Task objective - Transcribe the entries below word for word, beginning at the line with "Luxury Handbag Brand Delvaux" and stopping after the line with "bristol township school"; drop all pictures.

Dataset extract -
################

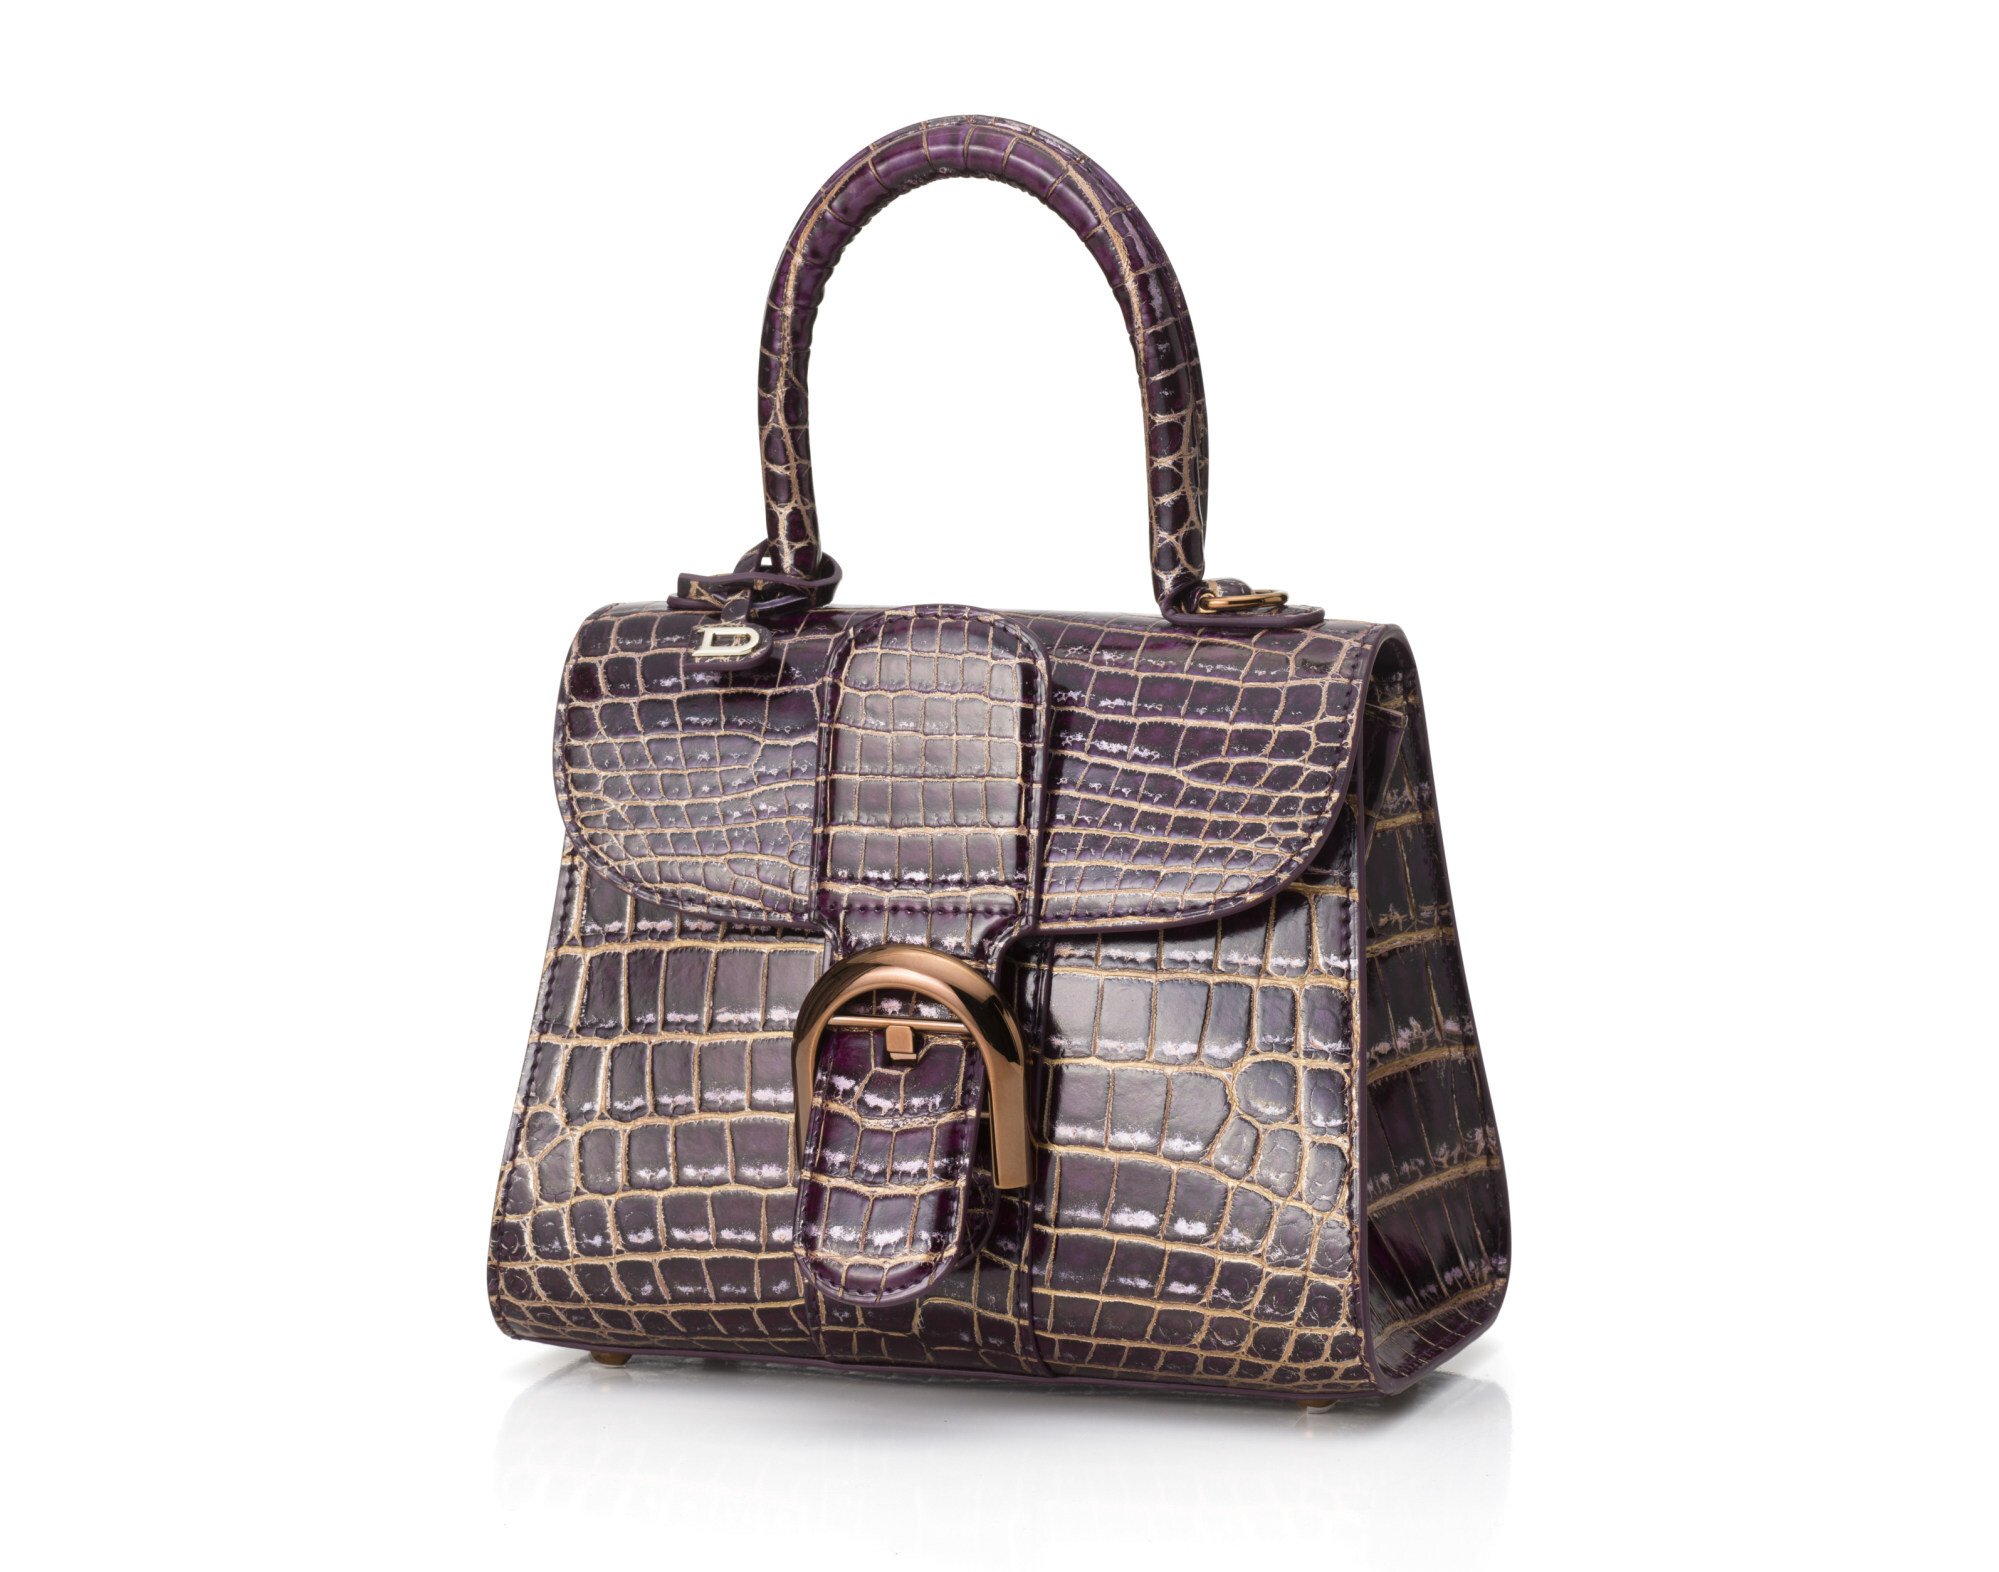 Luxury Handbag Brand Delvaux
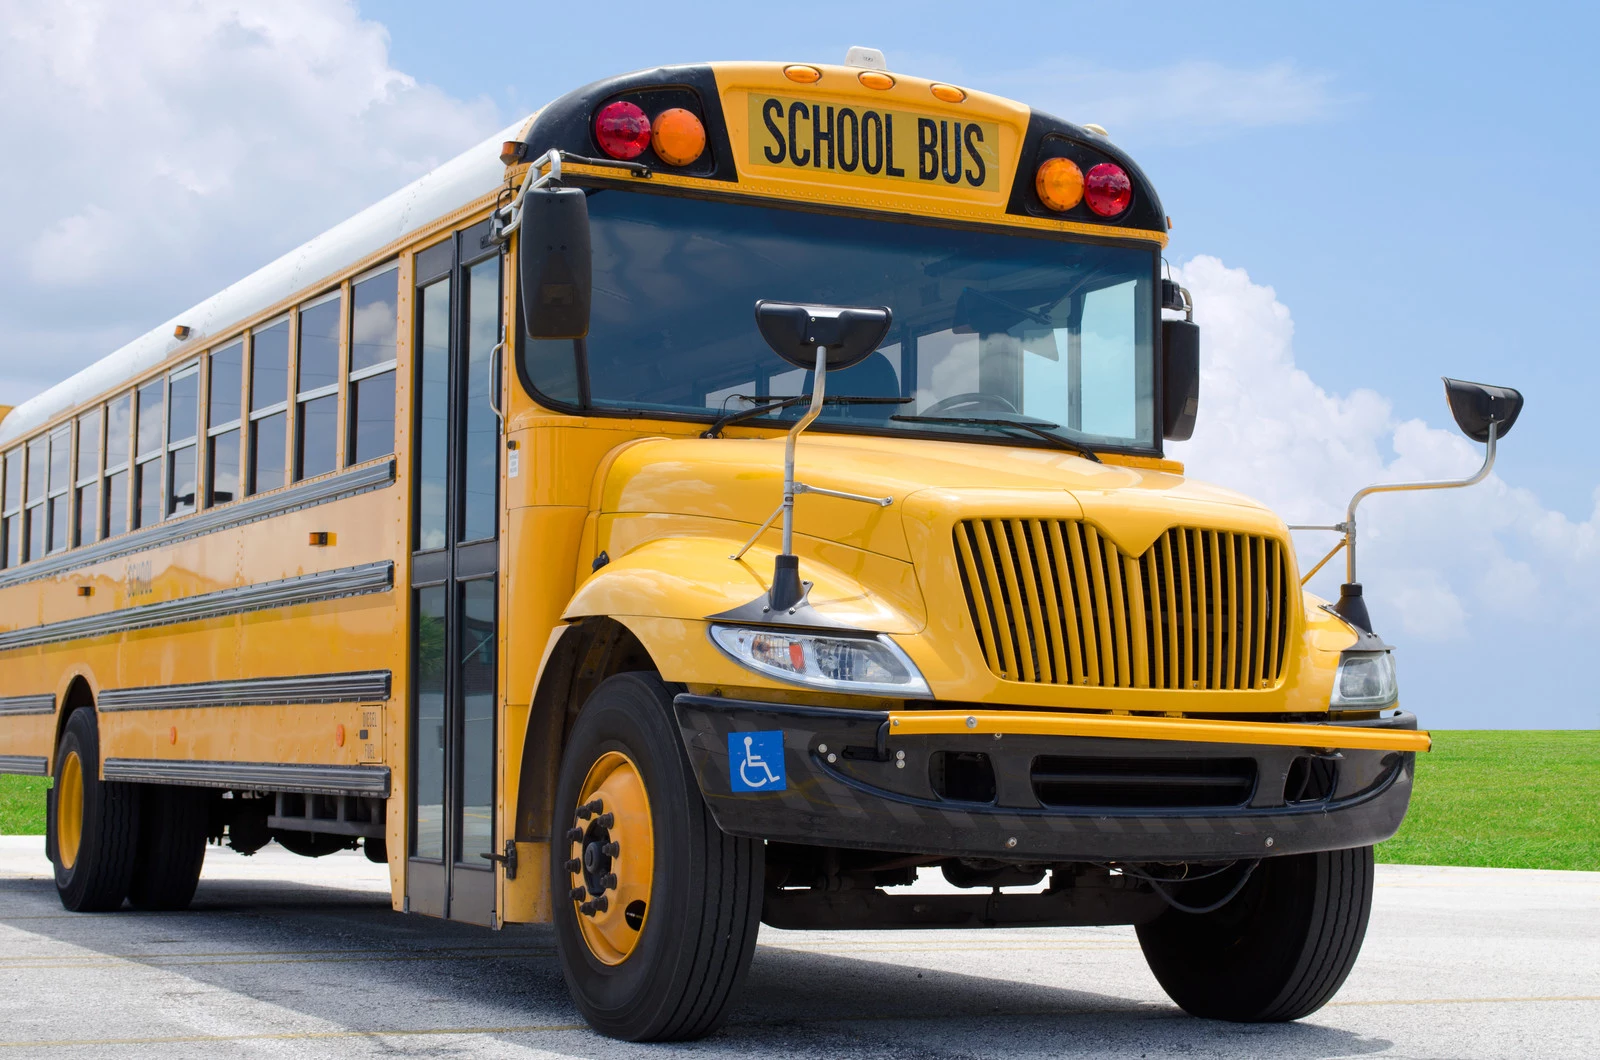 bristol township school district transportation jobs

################

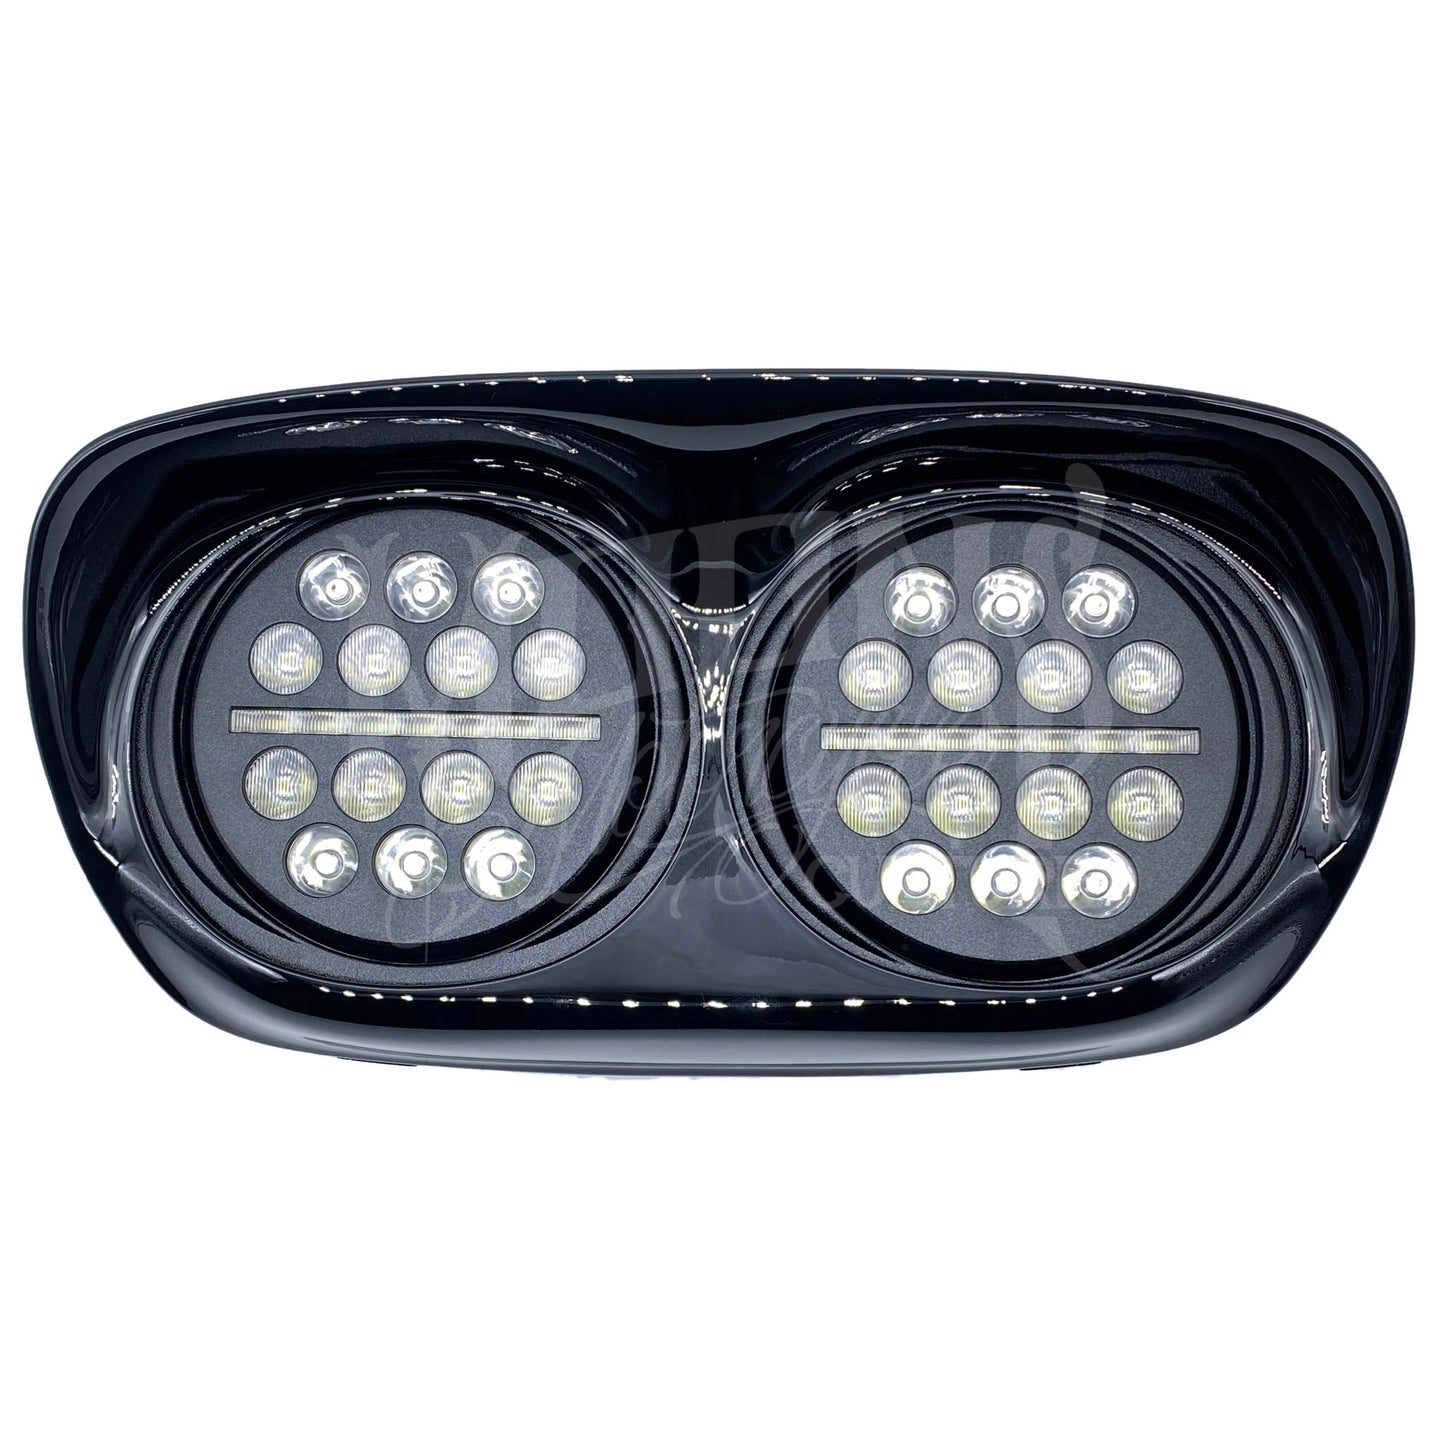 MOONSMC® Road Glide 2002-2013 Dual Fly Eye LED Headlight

################

Response below -
 Luxury Handbag Brand Delvaux
 bristol township school district transportation jobs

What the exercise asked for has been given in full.